Can Europe Make It?

La Serenissima

What Europe needs is a re-engagement of her citizens in the integration project: Europe needs to start making Europeans again.

Fernando Betancor
30 March 2014

The citizens of the Italian region of Veneto voted overwhelmingly for independence from Italy in a non-binding referendum which will nevertheless send shock waves throughout Europe.

The referendum, organized by the pro-independence organization "Il Veneto Decida" but not recognized by Rome, was held online between March 16 and 21.  The organizers claim that 2.36 million votes were cast out of 3.7 million registered voters, with 2.1 million votes in favor of independence. That is equivalent to 89% of the votes and 57% of eligible voters, in either case a clear majority. Additional referendum items included remaining in the EU (55% in favour), retaining the Euro (51% in favour) and remaining in NATO (65% in favour).

The governor of Veneto, Luca Zaia, has said that this referendum will have immediate consequences, though he stopped short of calling for unilateral independence. Instead, a second formal referendum will likely be organized in the near future, though Mr. Zaia admits that Rome is likely to declare any future referendum illegal. Meanwhile, Mr. Zaia implies that the wealthy region may stop forwarding taxes to the central Treasury, where “it is used to prop up insolvent towns throughout Italy.”

The capital of Veneto is Venice and Venice was the capital and chief city of the great maritime trading empire of the Republic of Venice. Founded in 697 A.D. by locals seeking protection from the ravages of the collapsing Roman Empire, the “Most Serene” Republic slowly grew and expanded through war and trade, disputing and then dominating the lucrative Levantine trade through the Middle Ages and Renaissance. The fortunes of the city began to decline with the rise in wealth and power of the Atlantic States, particularly France and Spain. Napoleon Bonaparte occupied the neutral republic in 1797 and formally ended the independence of the Republic after 1,100 years.

An independent Venice would have a population of almost 5 million and a GDP per capita of €30,500, which represents 8% of the population and 9.5% of gross domestic product of Italy. The new state would have about the same population and economy as the Republic of Ireland. Venice also boasts a diversified, export-oriented economy that has been growing at a faster rate than the rest of Italy. The secession of the third wealthiest region in Italy would undoubtedly have a strongly negative impact on the outlook of Italian debt, even with a debt-sharing agreement between Venice and Rome, though there has been no movement in the 10-year bond rate.

It would also give wings to the Northern League, a pro-independence and anti-Euro party that seeks to break off northern Italy into the Republic of Padania.

The shock waves of the referendum ripple far beyond Italy, however. Russian media has followed the voting closely and have been quick to point out that the level of support for Venetian independence is not very different than that for Crimean independence. That may be true, but there wasn’t a Russian Motor Rifle division deployed in Venice last week.

Pro-independence groups in Scotland and Catalonia are also watching the situation in Italy closely.

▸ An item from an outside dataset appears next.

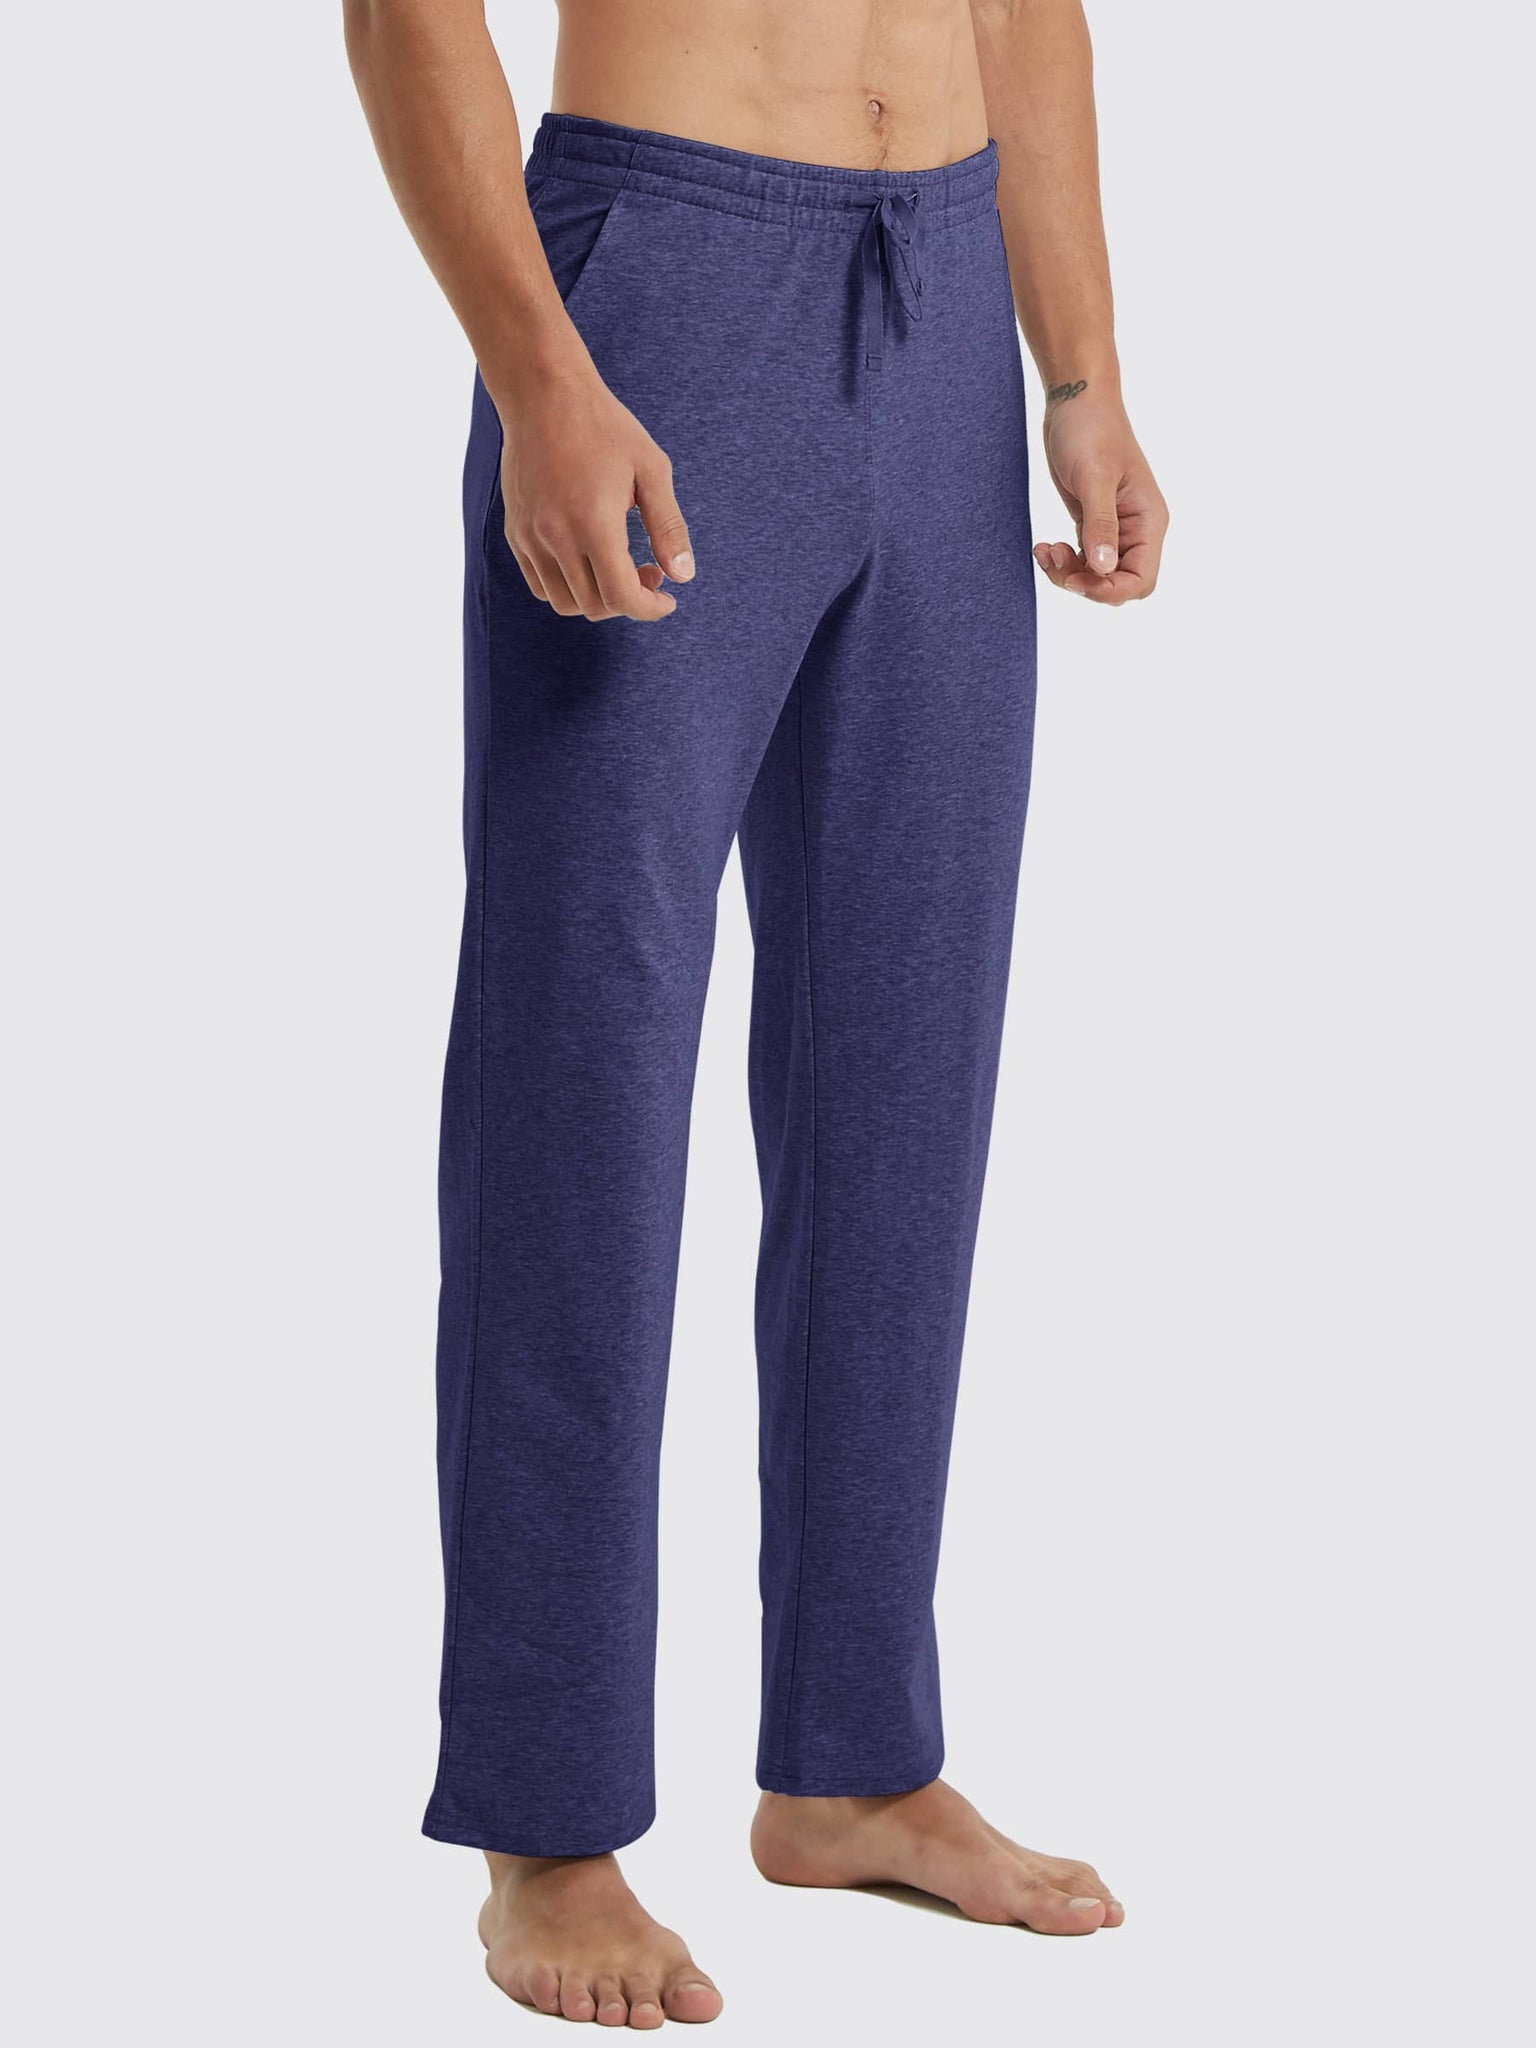 Men's Cotton Yoga Balance Sweatpants_Violet_model3

Both regions are planning for their own independence referendums this year: in September for Scotland and in November for Catalonia. The Venetian vote will provide moral support for the separatists, while the reactions of Rome and Brussels could set a precedent for similar future cases.

Particularly in the case of Catalonia, referendum supporters will be quick to point out that at least Venice and Scotland citizens have been able to have their voices heard. The government in Madrid has categorically refused to contemplate any sort of referendum or plebiscite on any question related to independence. This narrow-minded, legalistic approach pleases the most conservative elements of the ruling Partido Popular, who are against any further concessions to the Catalan government, and Mr. Rajoy is facing serious unrest within his own party due to allegations of widespread corruption and illegal campaign financing.

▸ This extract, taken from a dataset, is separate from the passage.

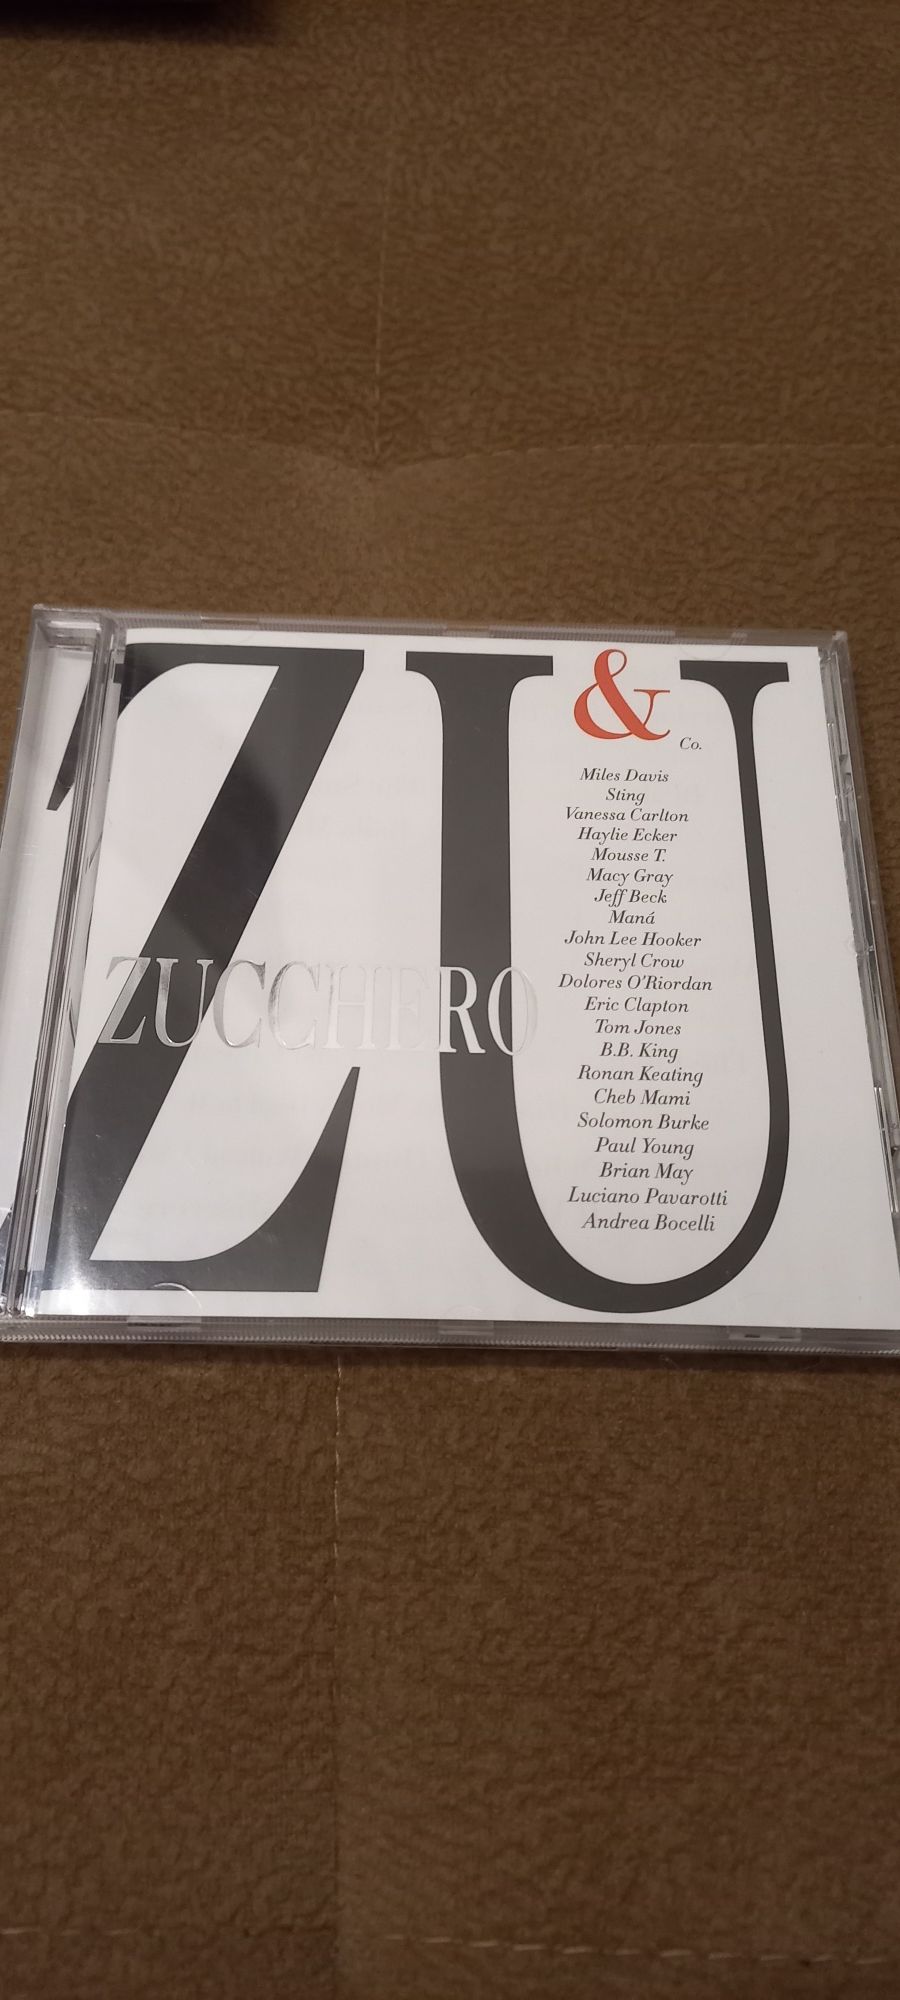 Zuchero płyta cd

These hardline tactics might please Spanish nationalists, but they are predicated on the belief that “Catalan independence” is the work of a small clique of self-serving populist politicians, rather than a broad-based movement. This is an extraordinarily dangerous belief, and polling data indicates that it is totally misguided.  A recent survey conducted by a Catalan polling agency this March indicates that support for Catalan independence stands at 60%, up from 55% in a November 2013 poll. So if Mr. Rajoy is wrong and Catalan separatism really is a mass movement, then no policy could be more conducive to the growth of separatism than the one he has adopted. Mr. Rajoy’s government is the best friend the independence movement ever had.

Crimea and Venice are similar movements representing diametrically opposed challenges. Crimea independence from Ukraine represents the re-emergence of a powerful unitary Russian state. Venice, Scotland and Catalonia represent the disintegration of centralist states made possible by the economic and security arrangements of the European Union and NATO. Europe must find a way to balance the legitimate democratic aspirations of all its citizens, while preventing the spread of intolerant nationalisms and fragmentation into an unmanageable number of micro-states. What Europe needs is a re-engagement of her citizens in the integration project: Europe needs to start making Europeans again.

Until it does, Europe will remain a minor, regional actor on the world stage.